When dealing with water depth, a series of hurdles have emerged (Figure 7). Affected residential buildings are presented exclusively on the south riverside, correlated with lower DTM values, and, therefore, a widespread flood area. S1 and COSMO present more heterogeneous concentrations of damage, while the affected structures of the TSX results are mainly confined to the areas that remained flooded in the falling limb.. A probabilistic approach using Insyde showed an increase in damage to the infrastructure. Differences are observed when comparing the model damage simulation (between 1000 and 1200 k EUR, depending on the sensor) and that registered by the Municipality (250 k EUR). This discrepancy could be explained by the model not adequately accounting for the protective measures adopted by the local community.
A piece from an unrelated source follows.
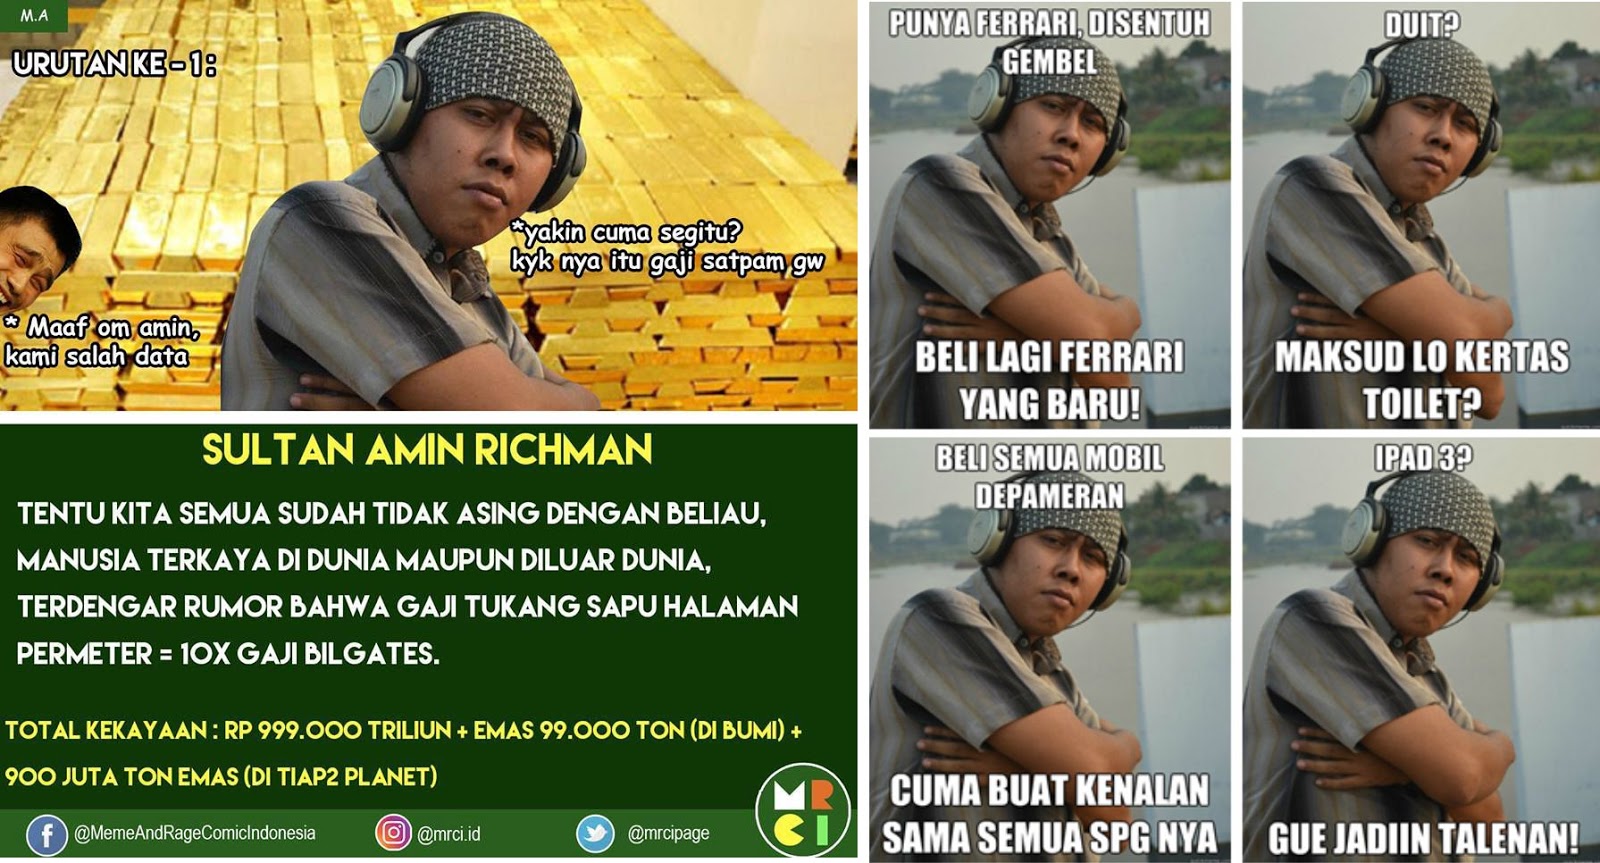 Biodata Asli Sultan Amin Richman Tokoh Meme Horang Kayah

In the considered area, residents appear to be periodically exposed to flooding. In response to this threat, people take protective measures such as partially replacing or reconstructing parts of the building (such as doors, walls, or windows), rather than completely overhauling the entire structure. The model may overestimate damages [94] as it likely assumes a complete replacement or reconstruction of the whole building in the event of a flood. It is essential to note that the model may not adequately consider local risk mitigation practices, resulting in overestimating damages. The protective measures adopted by the community, not factored into the model, can lower the physical vulnerability of the building, contributing to an actual reduction in damages compared to the model’s estimates. The current analysis does not cover impacts like chemical or biological actions.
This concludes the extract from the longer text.